What Can The Miami Dolphins Teach Us About Church Leadership?
By: Vanderbloemen November 8, 2013
Everyone has been reading or watching the situation with the Miami Dolphins and the chaos on their professional football team.
Offensive tackle Jonathan Martin left the team after being harassed by teammates, and apparently one teammate in particular. This “teammate” sent intimidating texts and voicemails that have been saved, which contained vulgarities, racial slurs, comments about parents, and one that ended with the words, “I will kill you.” This same teammate has been seen in videos stomping around a bar shirtless while yelling obscenities and racial slurs. The Dolphins have suspended this player indefinitely (too little, too late).
The bigger issue that is being addressed by writers around the country is the “culture” in the locker room and on the team.
Some have written that this may cost Dolphin Head Coach Joe Philbin his job. Things are way out of control, and the buck stops with the Head Coach of the team. He sets the tone for the culture of the team.
Former NFL quarterback Rich Gannon stated that when he played for the Kansas City Chiefs under Head Coach Marty Schottenheimer, hazing of younger players by veterans just did not happen. It was not tolerated or part of the culture. When Gannon later played for the Oakland Raiders, he said the kind of hazing that was going on made him “want to throw up.” That may be part of the reason the Raiders have been a very poor football team in the NFL in recent history. Hall of Fame coach of the San Francisco 49ers, Bill Walsh, was another coach who did not allow hazing on his teams. The team leader has immense influence on the inside culture of a team.
So, what do these football stories have to do with church leadership?
A web post on “rock star worship leaders” was recently brought to my attention. It characterized them as self-absorbed, narcissistic, and not team players. One of these rock star worship leaders was seen as the blame why their church attendance had dropped by almost one-third. Looking at a Sunday worship “set list” from one rock star worship leader revealed not a single song was repeated over that time. This was decried in the article as “performing worship songs, not leading them.”
Now, I’m not condoning some of the behavior of these worship leaders, but my first reaction was not about the worship leaders. It was about the senior leaders of these churches.
Leaders get what they allow.
Where are the church leaders in these “rock star worship leader” situations? Why are they allowing this in their staff culture? Why would you allow a church staff member to be the cause of a 33% drop in your church attendance? The buck stops with the point leader.
Every church should have two sets of values.
Core values drive the vision of the church. They answer the question, “Why does this church exist?”

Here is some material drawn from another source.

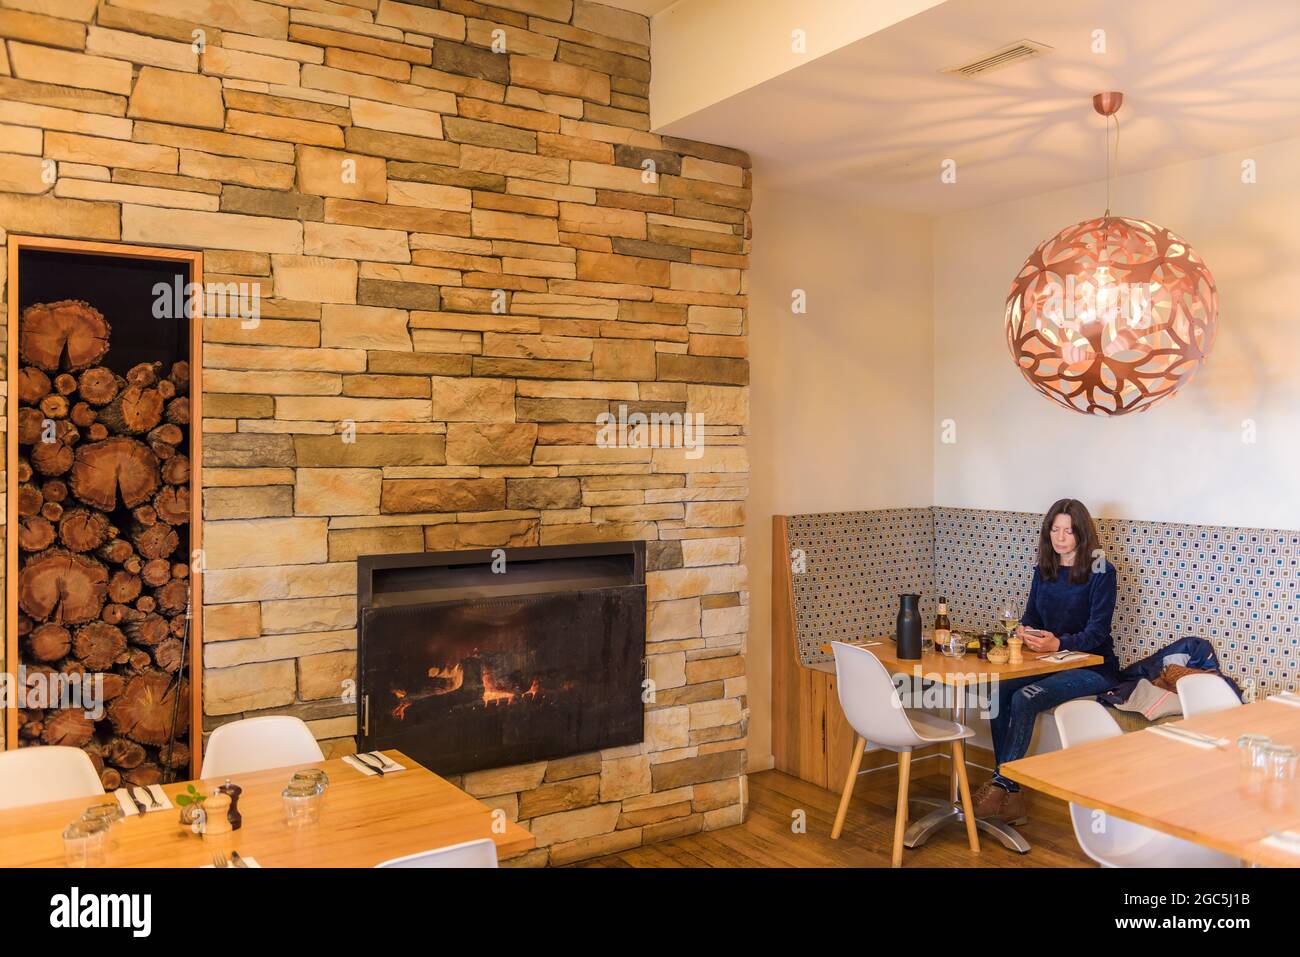 A female tourist sits in an alcove near a burning fireplace enjoying lunch at the 1802 restaurant at Coffin Bay, Eyre Peninsula in South Australia. Stock Photo

Staff values, how we interact as a team, are also vital to a church. As best-selling author Patrick Lencioni puts it, staff values are “permission-to-play values.” They are minimal behavioral standards that are required in an organization.
Lencioni also points out the difference between conflict and accountability, which are confused by many leaders.
Conflict is about issues and ideas. Accountability, which is much tougher, is about performance and behavior. It is much more personal, thus much more difficult to hold people accountable. If a worship leader is going a direction that is not compatible with the direction of the church, there needs to be conflict over issues and ideas. If a worship leader (or any other team member) is exhibiting a bad attitude, poor work ethic, or not relating to people on the team, there needs to be accountability about performance and behavior.
Lead pastors, senior pastors, executive pastors – you are the ones who will set the tone of your church staff culture. If you do not have a list of “permission-to-play values,” now is the time. Don’t be like the Miami Dolphins who waited until things were way out of control to address the internal culture.